Arts Beat

From Hip-Hop's Paul D. Miller: New York City, Remixed

Paul D. Miller is perhaps best known for his musical work as DJ Spooky. This excerpt comes from "New York Is Now," his highly acclaimed video work. Video courtesy of Irvine Contemporary
By Rachel Beckman
Washington Post Staff Writer
Thursday, February 7, 2008

Many know Paul D. Miller, or "DJ Spooky That Subliminal Kid," as the brainy musician from Washington who hit the national scene in the mid-'90s with his brand of experimental hip-hop.

But now, Miller, 37, would rather be known as "an artist who DJs." Based in New York these days, Miller signed last year with Irvine Contemporary gallery on 14th Street where his video, "New York Is Now," plays continuously on a flat-screen monitor.

The 35-minute, black-and-white video shows archival footage of New York, such as commuters cramming onto a train and the electric lights on Coney Island. Miller splices in clips from early avant-garde films by Man Ray and Marcel Duchamp and scenes from the 1933 film "King Kong." Bold political statements pop on the screen, as does a Walt Whitman poem and the proclamation "Charles de Gaulle was wrong."

"I want people to look at the film as a series of fragments and they pick and choose whatever they want to focus on," he says on the phone from a Manhattan coffee shop, in between drinking a double espresso. "A video Rorschach blot. An archaeology of surrealist imagination."

Don't worry, even his mother doesn't understand.

Rosemary E. Reed Miller, longtime owner of the now-closed Dupont Circle boutique Toast and Strawberries, loved watching the historical images and trying to guess the date and location. As for a deeper meaning of her son's video, which played at the 2007 Venice Biennale, she defers to the artistic statement provided by Irvine Contemporary owner Martin Irvine.

"Whatever Martin says on the sheet, that's what it's about," she says with a laugh. (Globalization, basically.)

But Rosemary Miller is used to her son talking over her head. Once, she and a lawyer friend were reading the notes on the back of one of his CDs and they hit a word they didn't recognize. They grabbed a slim dictionary. It didn't contain the word, so they had to reach for a bigger one. She likes to say that her son is a "two-dictionary person."

Paul Miller started his first major video art project five years ago -- a "remix" of the explicitly racist 1915 film "The Birth of a Nation." His new project is a multimedia work about Antarctica, where he spent time in December and January aboard a Russian icebreaker.

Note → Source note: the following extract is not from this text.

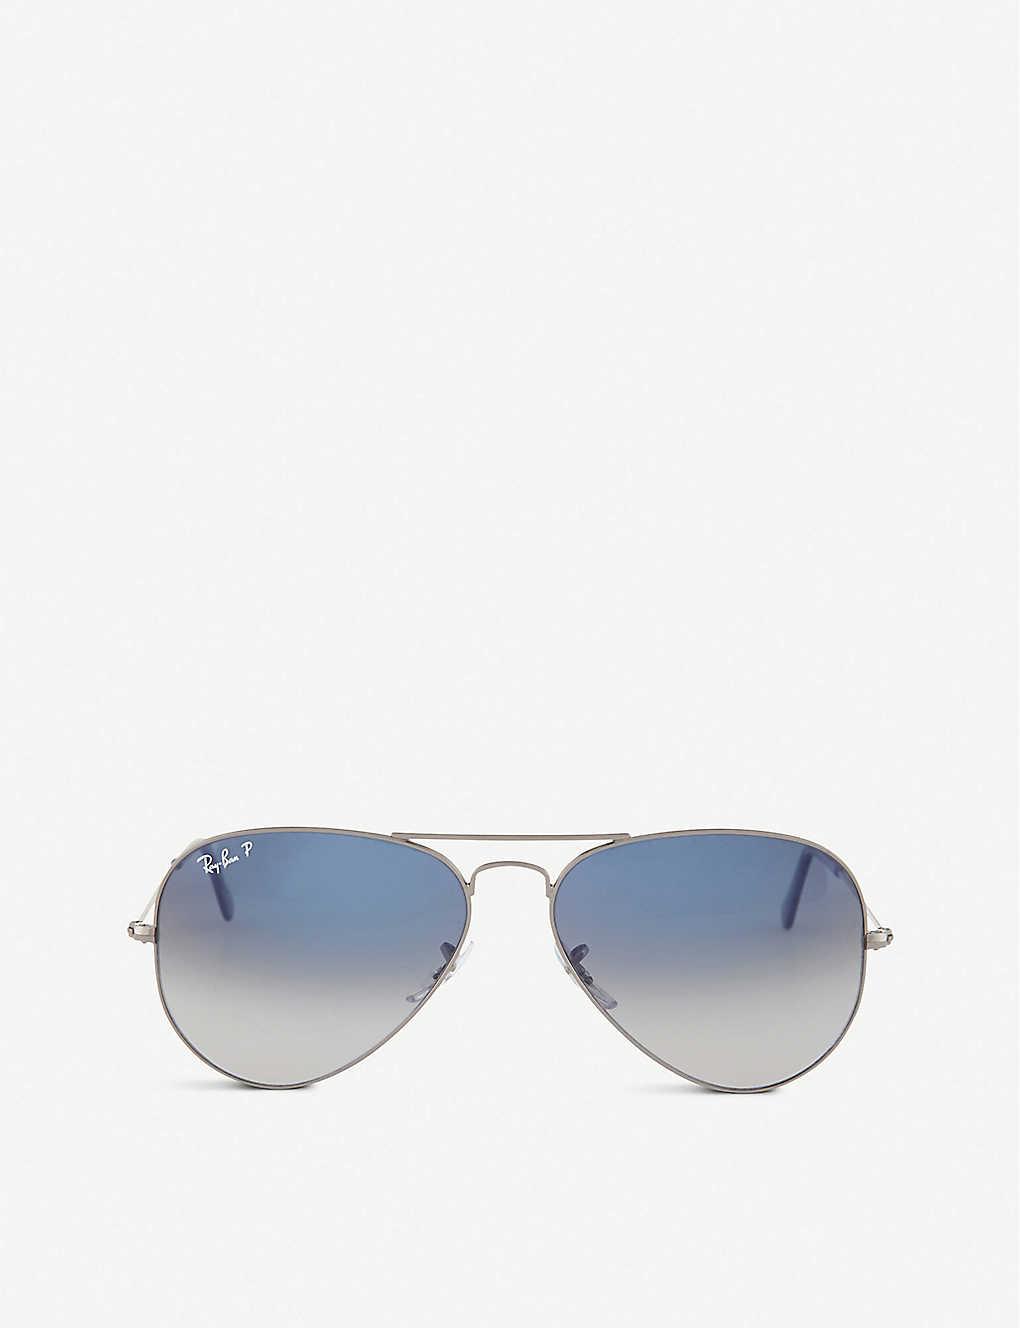 046e372960 RAY-BAN Original aviator gunmetal-frame sunglasses with gradient blue  lenses RB3025 58

"I kind of wanted to figure out how to make sound out of ice," he says.

Last week, Miller screened some footage of Antarctica at the Institute of Contemporary Art in Boston. The Boston Herald called the video "amateur" and slammed Miller for being pretentious. "If this is what the marriage of music and high culture looks like, then fans of either should pray for a divorce," the Herald's Chris Faraone said. Miller dismisses the article as "idiotic," and notes that Moby and 1980s artist Jean-Michel Basquiat used to get the same type of criticism.

Miller says Irvine's emphasis on the thinking behind art, rather than just the "super commercial boring stuff," persuaded him to sign with the gallery. Irvine is teaching a class at Georgetown University this spring called "Cultural Hybridity" that explores topics such as Japanese anime, street art and electronic music. Miller's 2004 book "Rhythm Science," about the aesthetics of hip-hop sampling, is required reading.

A Woodrow Wilson High School and Bowdoin College graduate, Miller is a frequent lecturer himself. Last weekend, he traveled to Bates College in Maine. On Saturday, he'll speak at Duke University. Trips to Italy and South Africa are also scheduled for this month.

"Standing next to him, you can almost feel a whiz of air going by," his mother says, because he's always in between two exotic locales.

He is looking forward to taking five weeks off this spring to recharge. But he won't be watching "American Idol" or reading mystery novels like a mere mortal. He plans to work on an art film, "an Asian underground kind of thing."

New York Is Now plays at Irvine Contemporary, 1412 14th St. NW, through Feb. 17. Open Tuesday-Saturday, 11 a.m.-6 p.m. Free. 202-332-8767.